YOUR TASK = Your answer must be an exact copy of the records below, minus any images.

EXTRACTED ENTRIES =
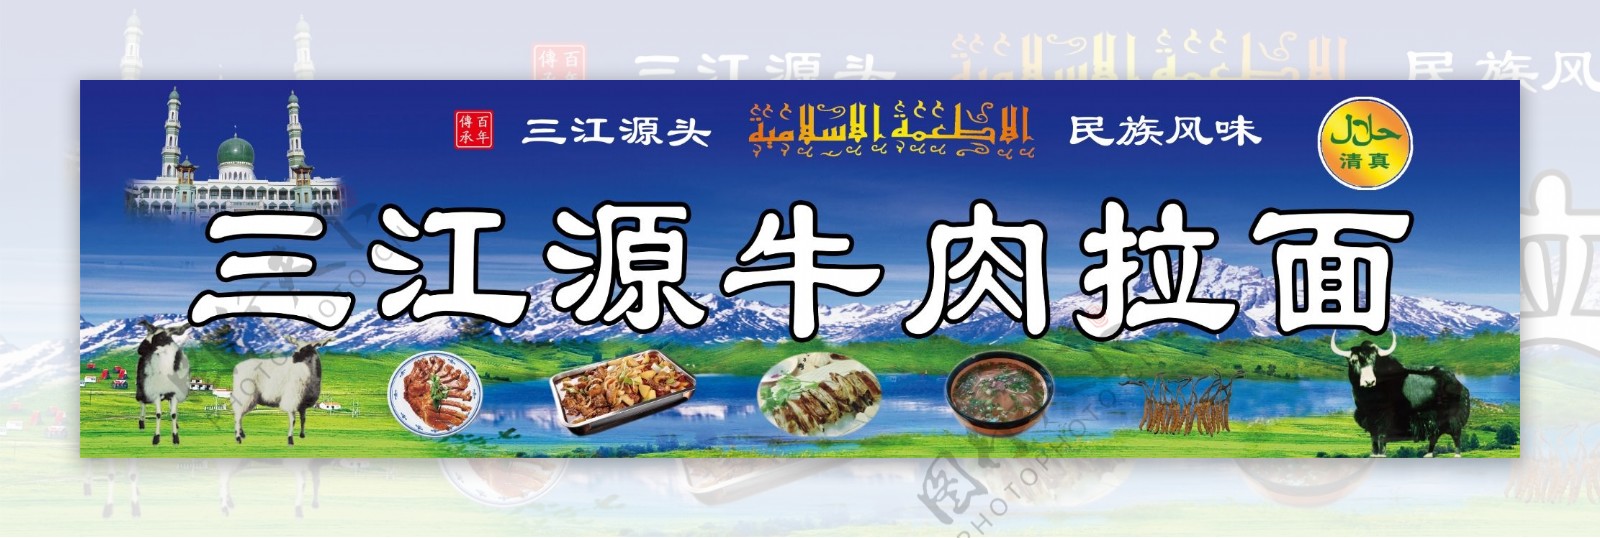 三江源牛肉拉面图片
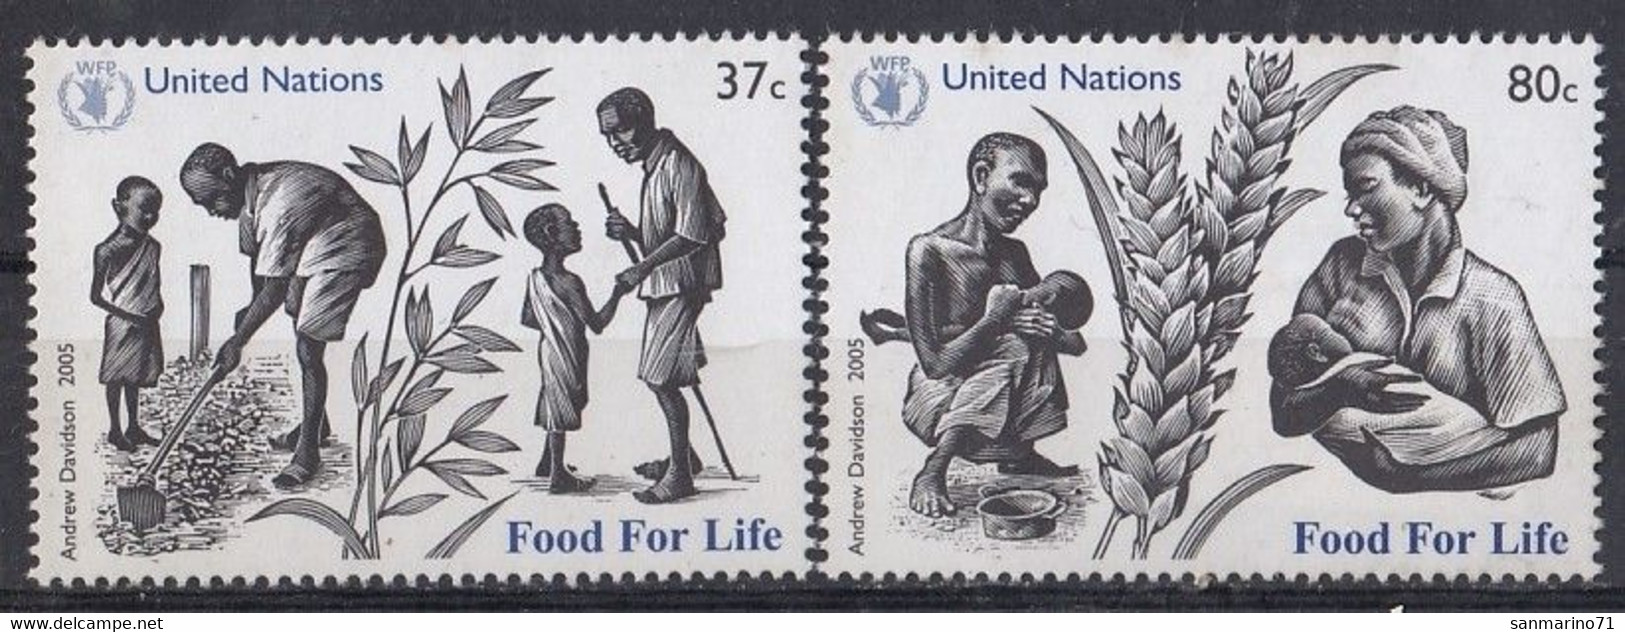 UNITED NATION New York 996-997,unused - ACF - Aktion Gegen Den Hunger
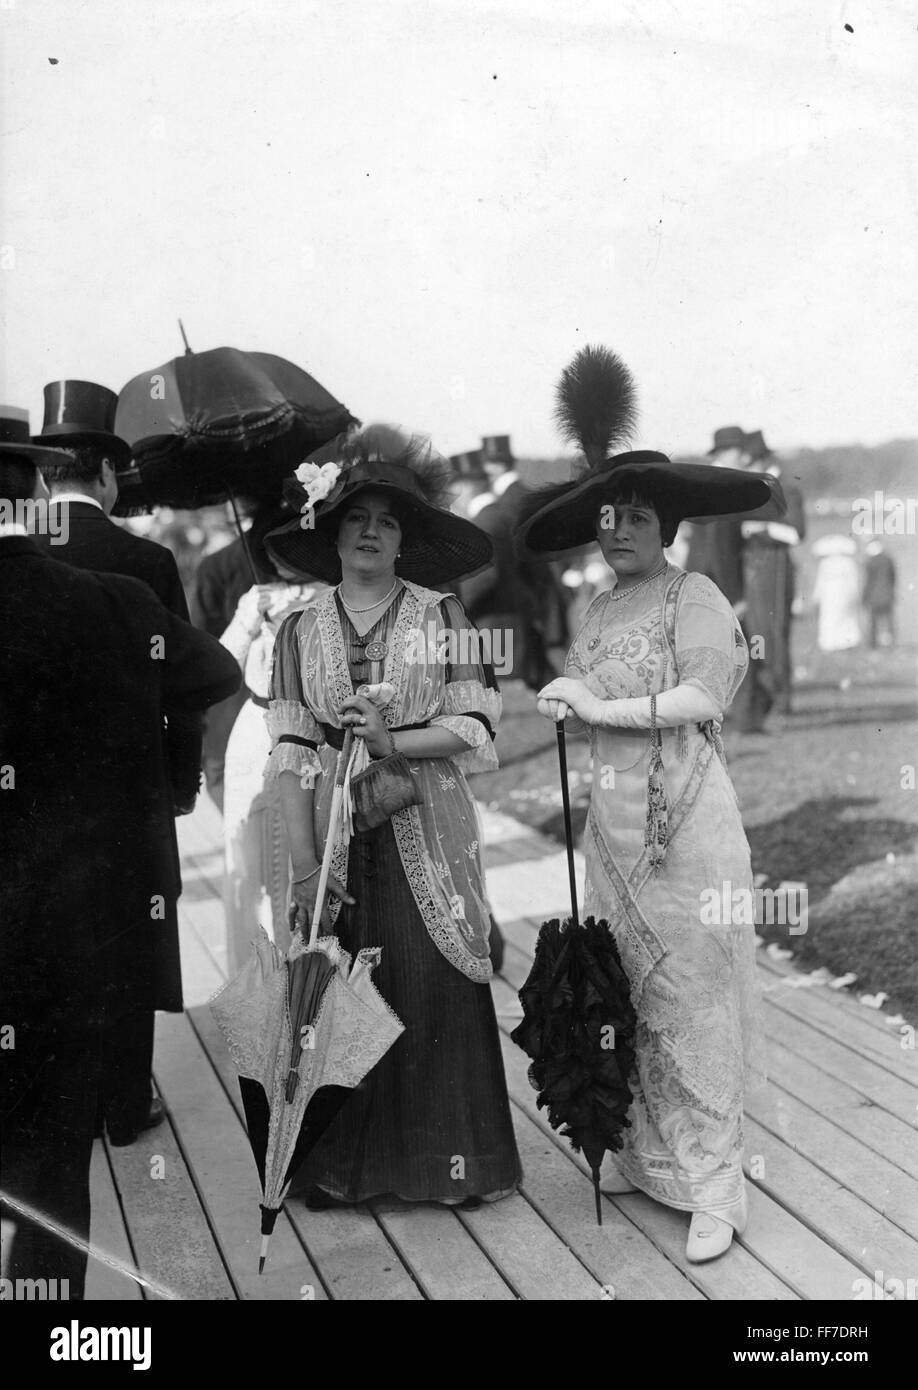 Mode, début du XXe siècle / début du XXe siècle, deux dames, vers 1900, droits additionnels-Clearences-non disponible Banque D'Images
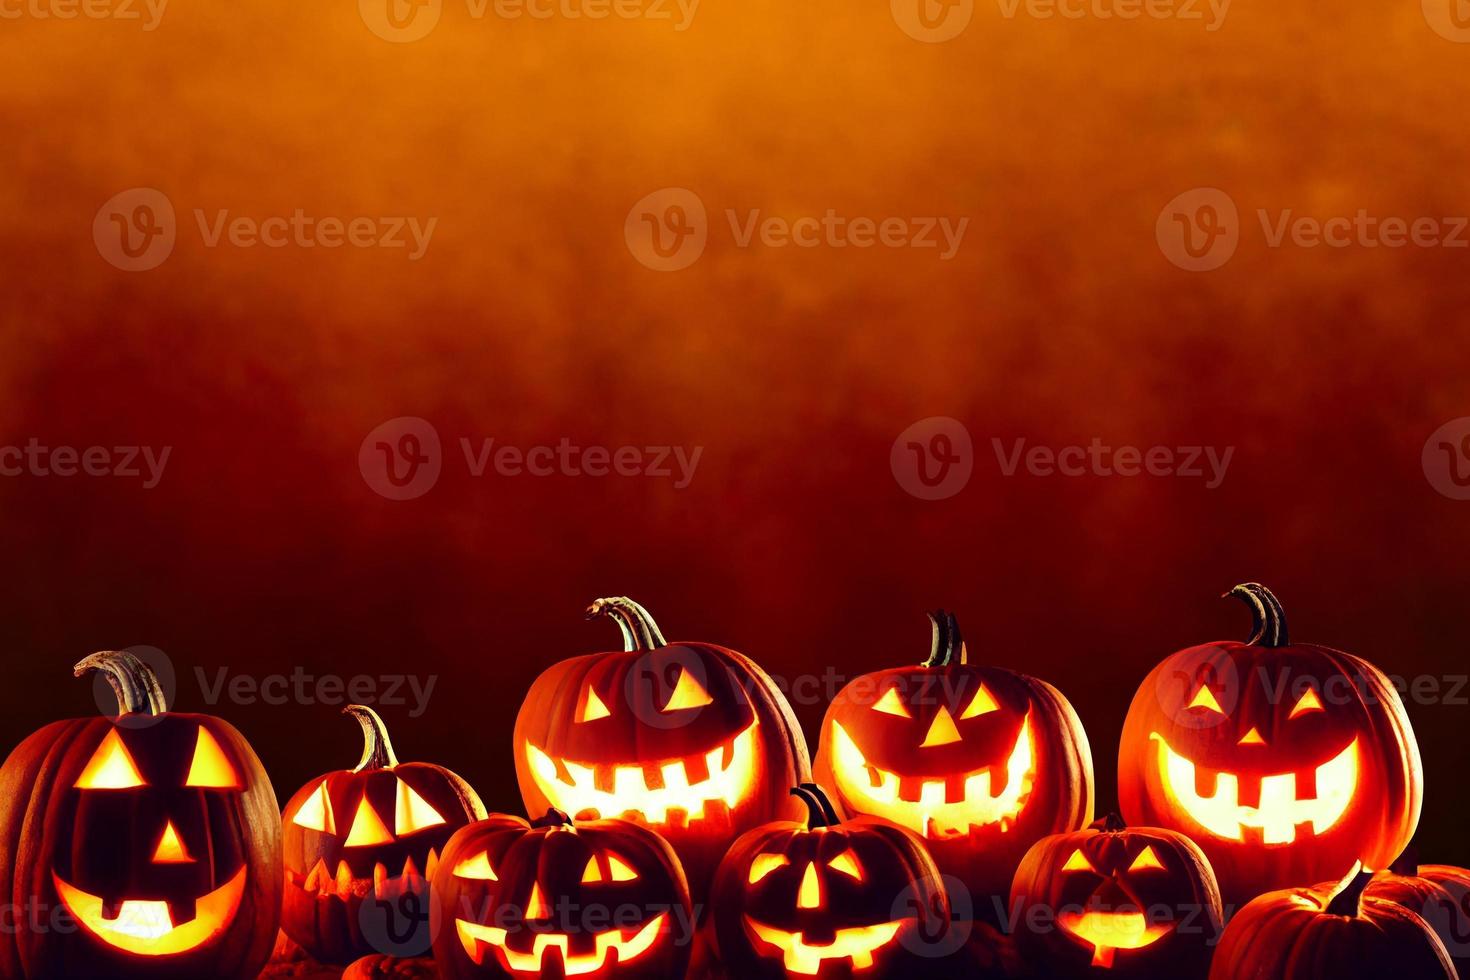 una fila de calabazas de halloween jack olantern talladas a lo largo de la parte inferior de la imagen contra un fondo grunge naranja oscuro foto
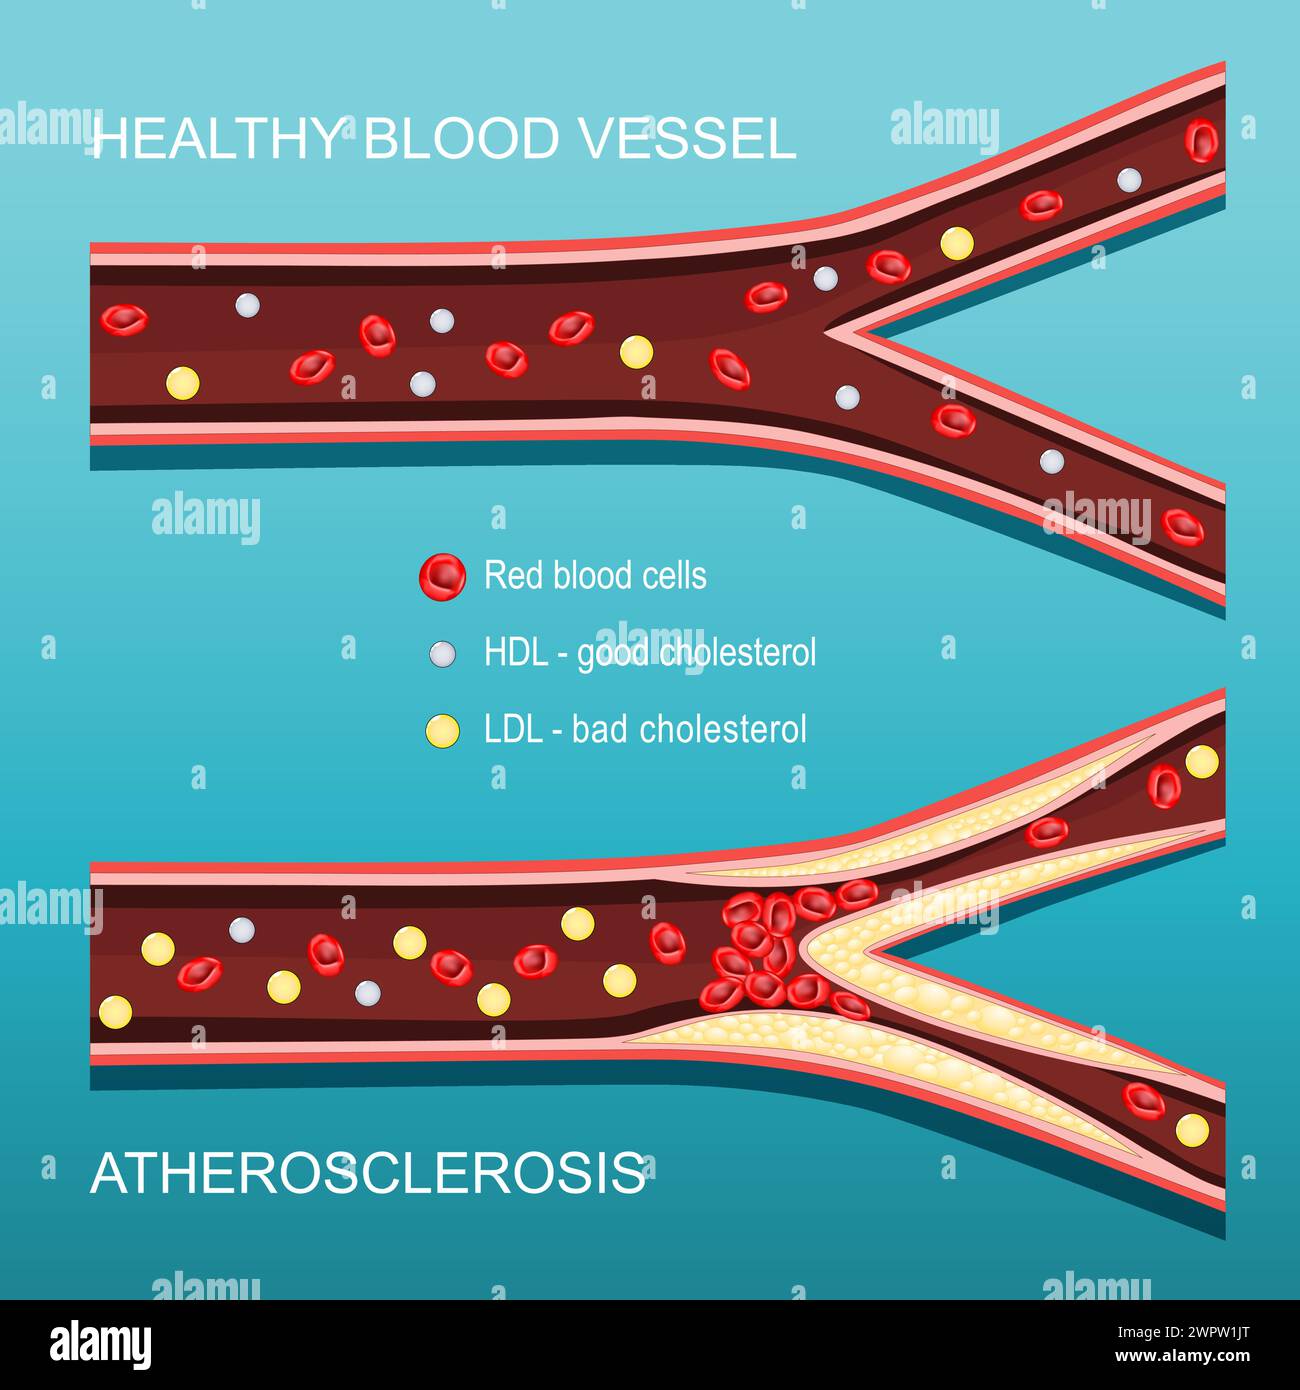 Atherosklerose. Cholesterinspiegel. Querschnitt einer Arterie mit roten Blutkörperchen, HDL, LDL und atheromatösen Plaques. Gutes und schlechtes Cholesterin. Vect Stock Vektor

ANSWER TO THE EXERCISE =
 三江源牛肉拉面图片
 UNITED NATION New York 996-997,unused - ACF - Aktion Gegen Den Hunger
 Mode, début du XXe siècle / début du XXe siècle, deux dames, vers 1900, droits additionnels-Clearences-non disponible Banque D'Images
 una fila de calabazas de halloween jack olantern talladas a lo largo de la parte inferior de la imagen contra un fondo grunge naranja oscuro foto
 Atherosklerose. Cholesterinspiegel. Querschnitt einer Arterie mit roten Blutkörperchen, HDL, LDL und atheromatösen Plaques. Gutes und schlechtes Cholesterin. Vect Stock Vektor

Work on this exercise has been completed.